A striking redbrick façade marks the entrance to the Palau de la Música Catalana, which also boasts an ornamental balcony, intricate mosaics, and colorful pillars. The interiors are even more impressive, with a lavishly decorated auditorium centered around an eye-catching stained-glass skylight. Declared a UNESCO World Heritage Site in 1997, the concert hall features décor by some of Spain’s most prominent Catalan architects.
Although not renowned for its acoustics, the Palau provides a suitably glittering backdrop to musical performances, making attending a concert here a rich audio-visual experience. The 2,000-seat auditorium regularly sells out, so book tickets well in advance or opt for a guided tour to fully appreciate the architecture. Tours of the concert hall can be combined with an opera or flamenco performance at the nearby Teatre Paliorama.

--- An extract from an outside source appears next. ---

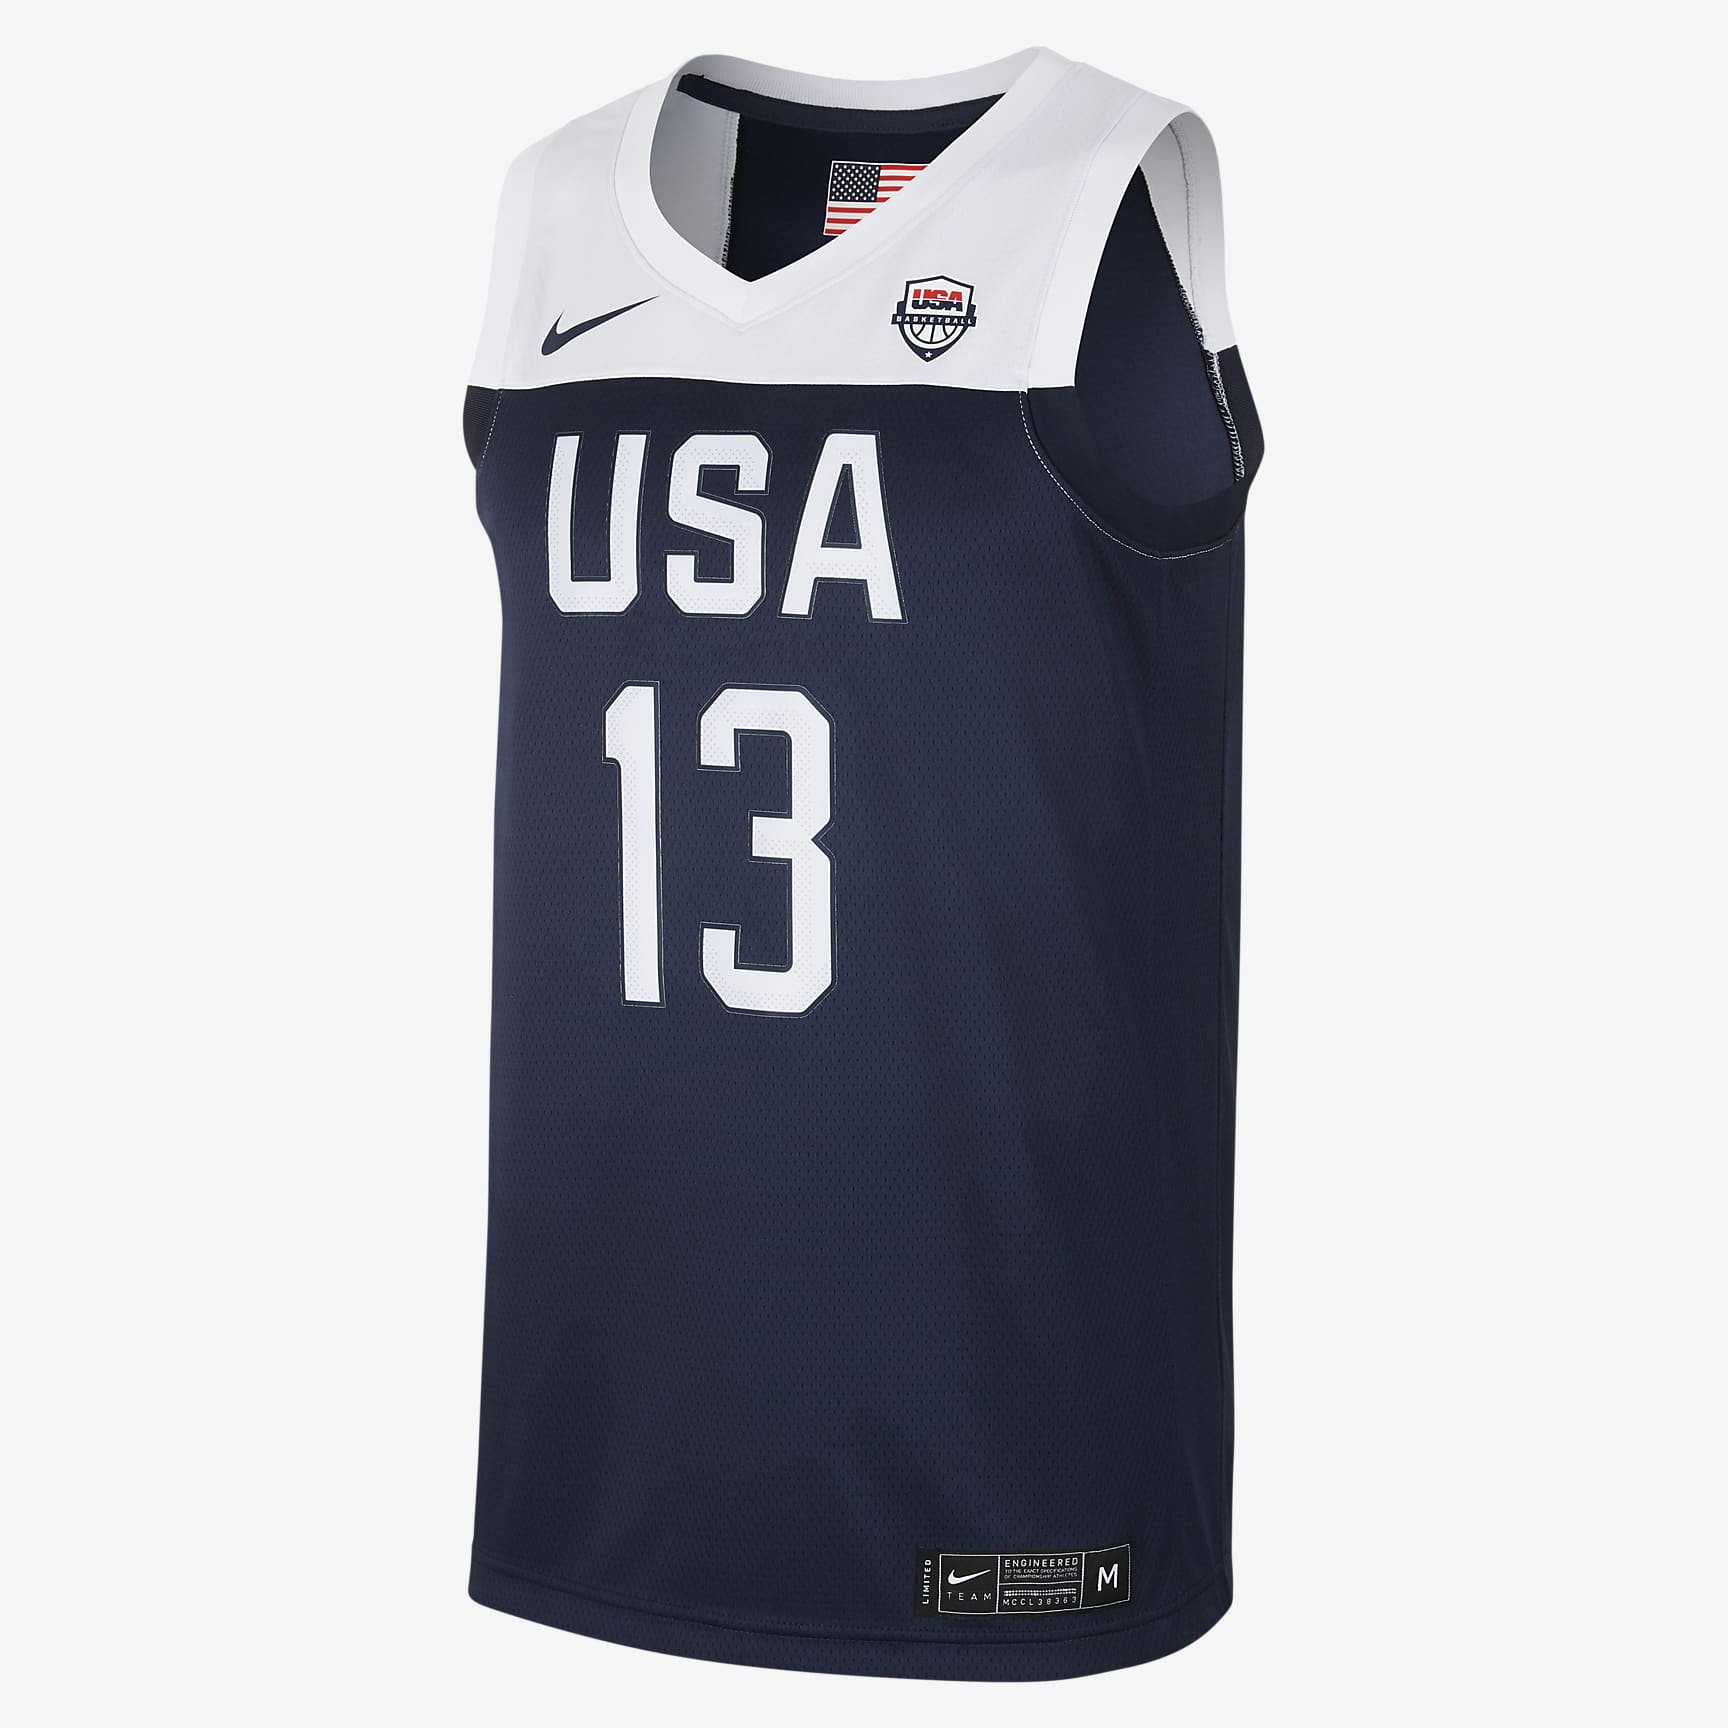 USA Nike (Road) Men's Basketball Jersey. Nike RO

Things to Know Before You Go
- The Palau de la Música Catalana is a must-see for architecture buffs and music lovers.
- Choose between a live performance or guided tour of the concert hall; guided tours last about 55 minutes.
- Be sure to book tickets ahead of time to avoid disappointment.
- Photography of any kind is prohibited during concerts.
- The Palau de la Música Catalana is wheelchair accessible.
How to Get There
The music hall is well connected to public transportation. Take the Barcelona Metro to Urquinaona, or take buses V15, V17, or 45 to the venue.
When to Get There
The palace is open daily throughout the year, with tours every half hour except during scheduled performances. Tours and concerts tend to sell out early, particularly during the summer high season (June to August).
A Modernist Architecture Tour of Barcelona
The Palau de la Música Catalana is one of many modernist monuments in Barcelona—perhaps the most famous not built by Antoni Gaudi. To get a feel for the work of this period, make sure to visit Josep Puig i Cadafalch’s Casa Amatller, as well as Gaudi’s iconic Sagrada Familia, Park Güell, Casa Batllo, and Casa Mila.